|
А.
П.
Чехов - Попрыгунья
о произведении I II
III IV V
VI VII
VIII
II
Ольге Ивановне было 22 года, Дымову 31. Зажили они после
свадьбы превосходно. Ольга Ивановна в гостиной увешала все стены
сплошь своими и чужими этюдами в рамах и без рам, а около рояля
и мебели устроила красивую тесноту из китайских зонтов,
мольбертов, разноцветных тряпочек, кинжалов, бюстиков,
фотографий... В столовой она оклеила стены лубочными картинами,
повесила лапти и серпы, поставила в углу косу и грабли, и
получилась столовая в русском вкусе. В спальне она, чтобы похоже
было на пещеру, задрапировала потолок и стены темным сукном,
повесила над кроватями венецианский фонарь, а у дверей поставила
фигуру с алебардой. И все находили, что у молодых супругов очень
миленький уголок.
Ежедневно, вставши с постели часов в одиннадцать, Ольга Ивановна
играла на рояли или же, если было солнце, писала что-нибудь
масляными красками. Потом, в первом часу, она ехала к своей
портнихе. Так как у нее и Дымова денег было очень немного, в
обрез, то, чтобы часто появляться в новых платьях и поражать
своими нарядами, ей и ее портнихе приходилось пускаться на
хитрости. Очень часто из старого перекрашенного платья, из
ничего не стоящих кусочков тюля, кружев, плюша и шелка выходили
просто чудеса, нечто обворожительное, не платье, а мечта. От
портнихи Ольга Ивановна обыкновенно ехала к какой-нибудь
знакомой актрисе, чтобы узнать театральные новости и кстати
похлопотать насчет билета к первому представлению новой пьесы
или к бенефису. От актрисы нужно было ехать в мастерскую
художника или на картинную выставку, потом к кому-нибудь из
знаменитостей — приглашать к себе, или отдать визит, или просто
поболтать. И везде ее встречали весело и дружелюбно и уверяли
ее, что она хорошая, милая, редкая... Те, которых она называла
знаменитыми и великими, принимали ее, как свою, как ровню, и
пророчили ей в один голос, что при ее талантах, вкусе и уме,
если она не разбросается, выйдет большой толк. Она пела, играла
на рояли, писала красками, лепила, участвовала в любительских
спектаклях, но всё это не как-нибудь, а с талантом; делала ли
она фонарики для иллюминации, рядилась ли, завязывала ли кому
галстук — всё у нее выходило необыкновенно художественно,
грациозно и мило. Но ни в чем ее талантливость не сказывалась
так ярко, как в ее уменье быстро знакомиться и коротко сходиться
с знаменитыми людьми. Стоило кому-нибудь прославиться хоть
немножко и заставить о себе говорить, как она уж знакомилась с
ним, в тот же день дружилась и приглашала к себе. Всякое новое
знакомство было для нее сущим праздником. Она боготворила
знаменитых людей, гордилась ими и каждую ночь видела их во сне.

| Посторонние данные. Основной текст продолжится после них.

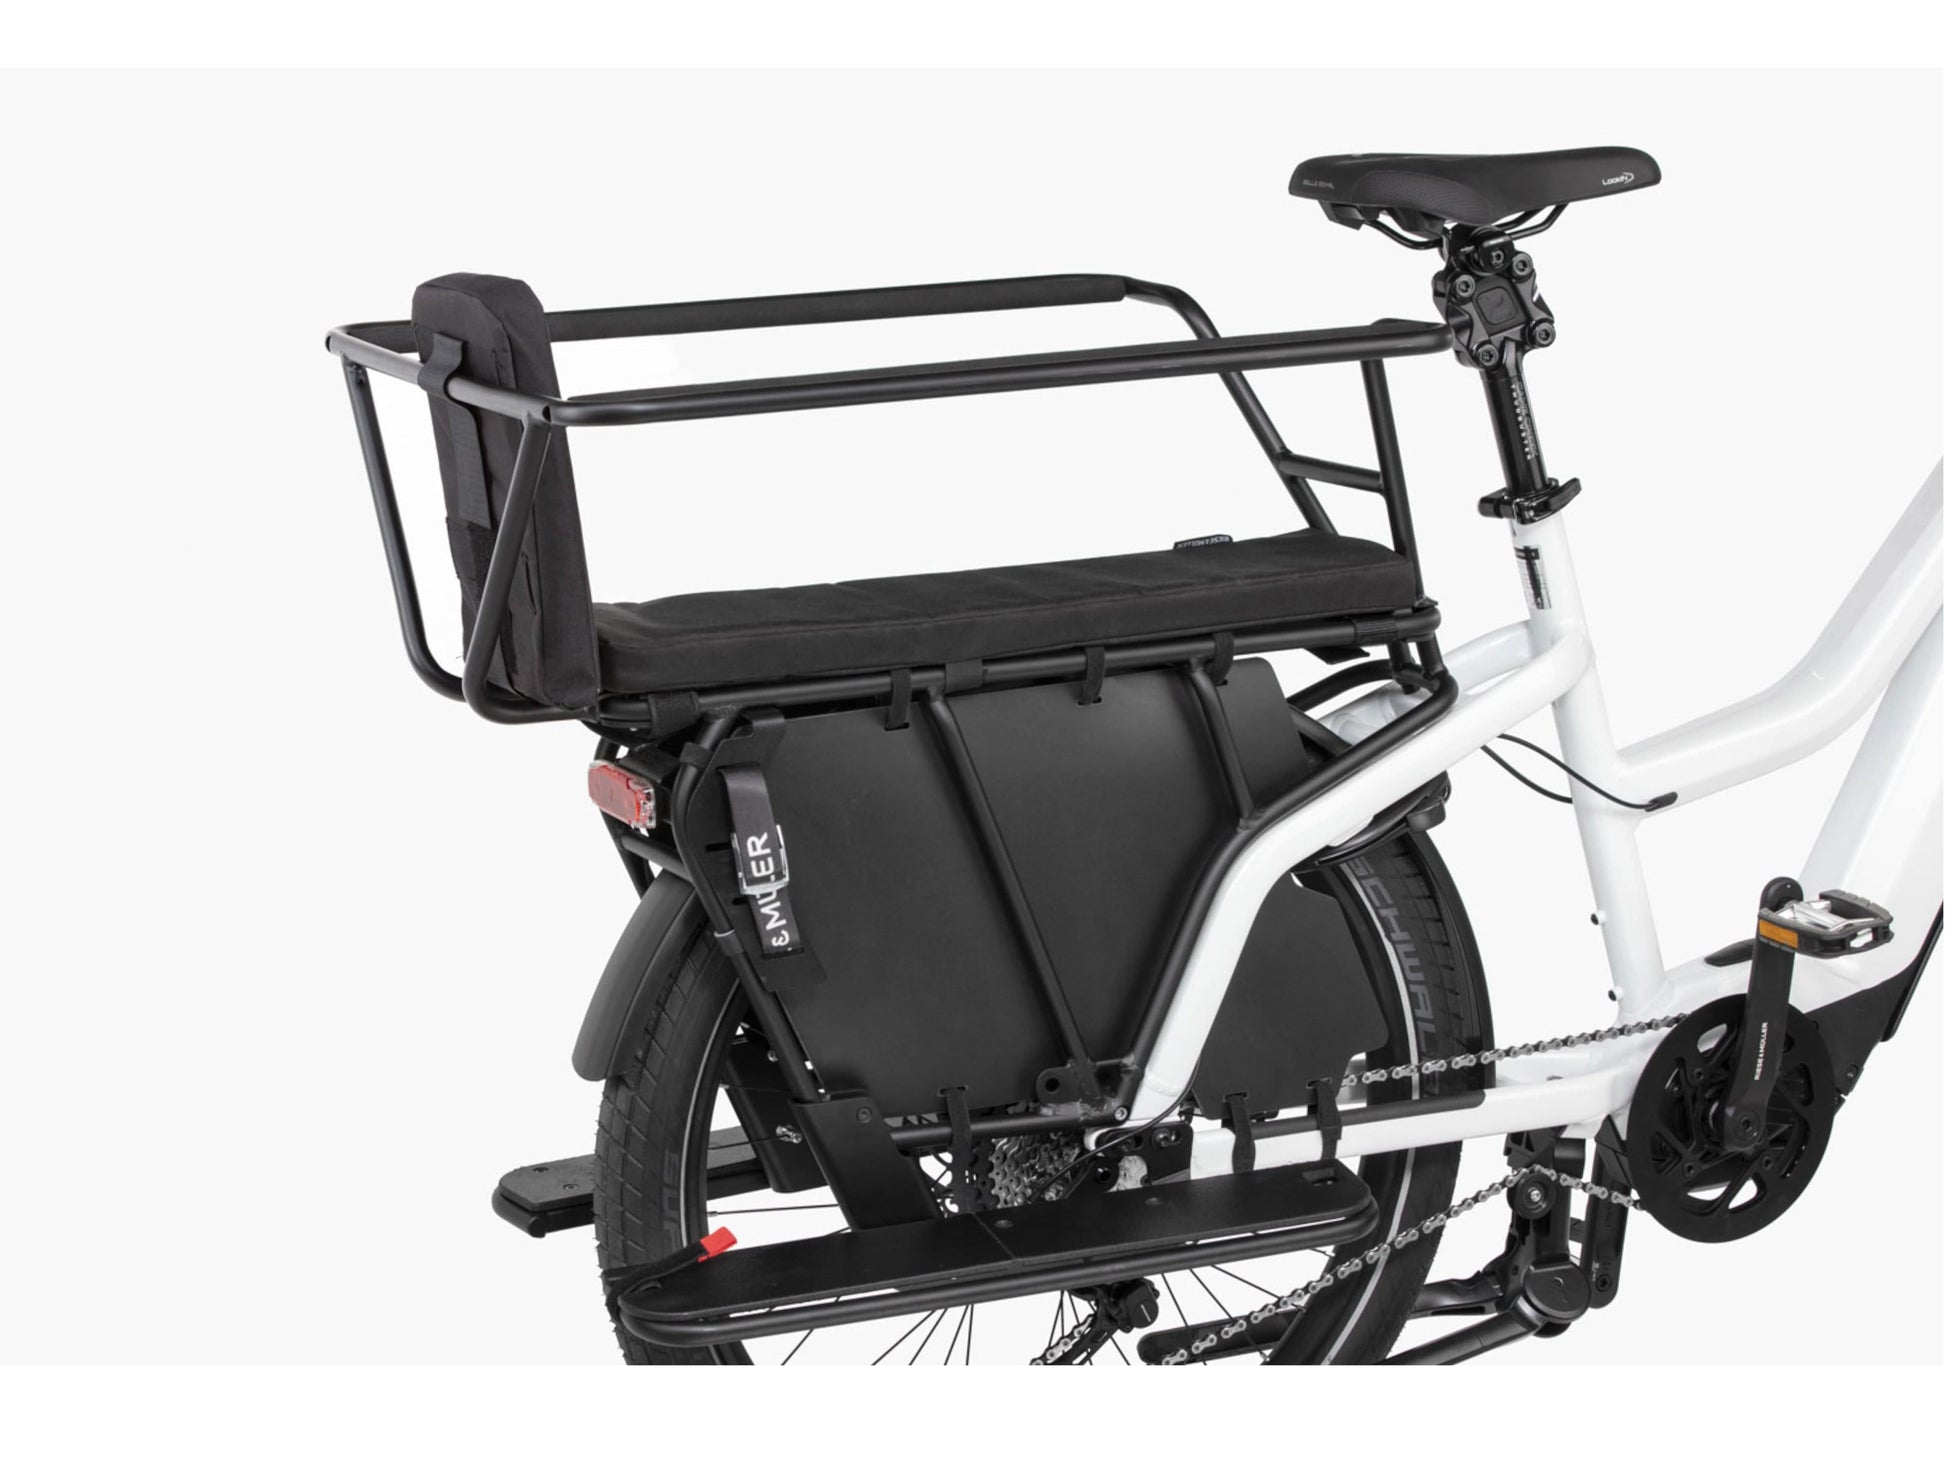 Riese and Muller Multicharger Mixte GT Touring HS emtb hardtail closeup rear carrier passenger safety kit option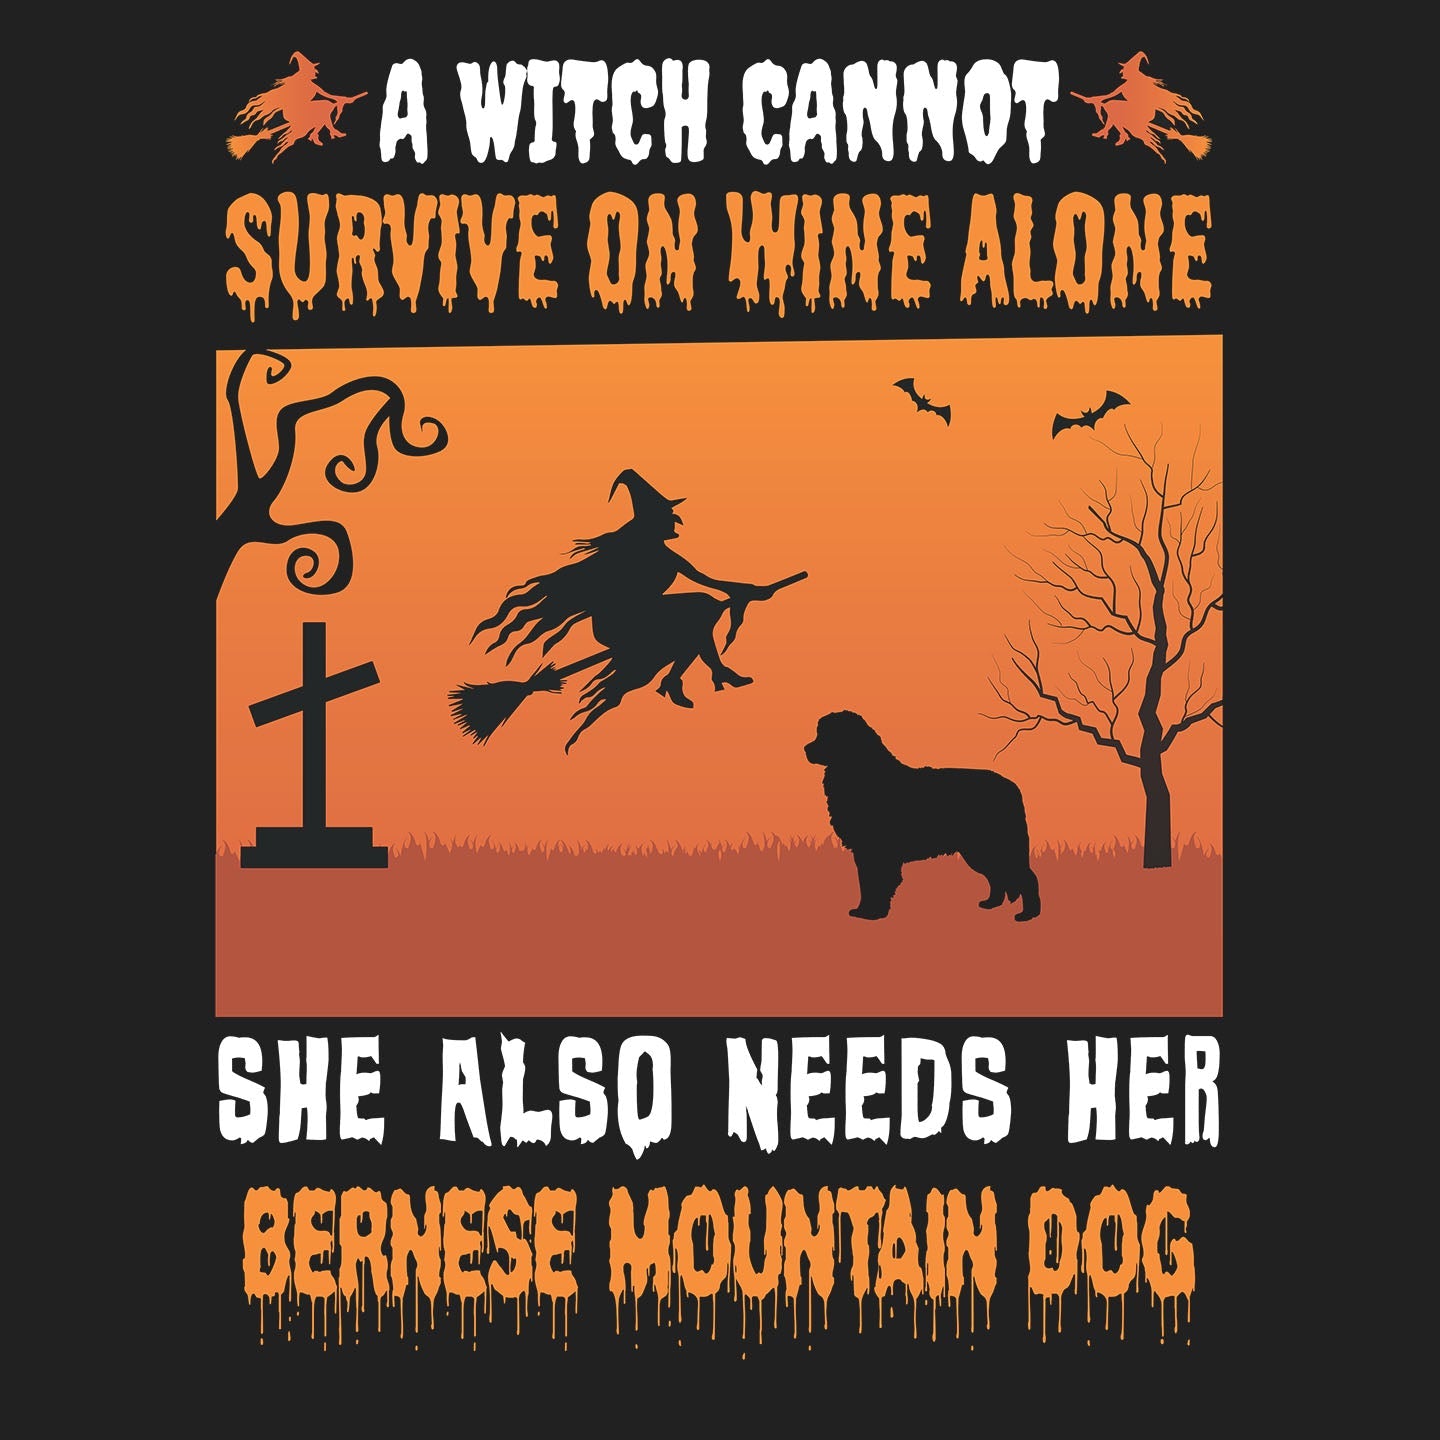 A Witch Needs Her Bernese Mountain Dog - Adult Unisex T-Shirt

Она жаждала их и никак не могла утолить своей жажды. Старые
уходили и забывались, приходили на смену им новые, но и к этим
она скоро привыкала или разочаровывалась в них и начинала жадно
искать новых и новых великих людей, находила и опять искала. Для
чего?
В пятом часу она обедала дома с мужем. Его простота, здравый
смысл и добродушие приводили ее в умиление и восторг. Она то и
дело вскакивала, порывисто обнимала его голову и осыпала ее
поцелуями.
— Ты, Дымов, умный, благородный человек, — говорила она, — но у
тебя есть один очень важный недостаток. Ты совсем не
интересуешься искусством. Ты отрицаешь и музыку, и живопись.
— Я не понимаю их, — говорил он кротко. — Я всю жизнь занимался
естественными науками и медициной, и мне некогда было
интересоваться искусствами.
— Но ведь это ужасно, Дымов!
— Почему же? Твои знакомые не знают естественных наук и
медицины, однако же ты не ставишь им этого в упрек. У каждого
свое. Я не понимаю пейзажей и опер, но думаю так: если одни
умные люди посвящают им всю свою жизнь, а другие умные люди
платят за них громадные деньги, то, значит, они нужны. Я не
понимаю, но не понимать не значит отрицать.
— Дай, я пожму твою честную руку!
После обеда Ольга Ивановна ехала к знакомым, потом в театр или
на концерт и возвращалась домой после полуночи. Так каждый день.
По средам у нее бывали вечеринки. На этих вечеринках хозяйка и
гости не играли в карты и не танцевали, а развлекали себя
разными художествами. Актер из драматического театра читал,
певец пел, художники рисовали в альбомы, которых у Ольги
Ивановны было множество, виолончелист играл, и сама хозяйка тоже
рисовала, лепила, пела и аккомпанировала. В промежутках между
чтением, музыкой и пением говорили и спорили о литературе,
театре и живописи. Дам не было, потому что Ольга Ивановна всех
дам, кроме актрис и своей портнихи, считала скучными и пошлыми.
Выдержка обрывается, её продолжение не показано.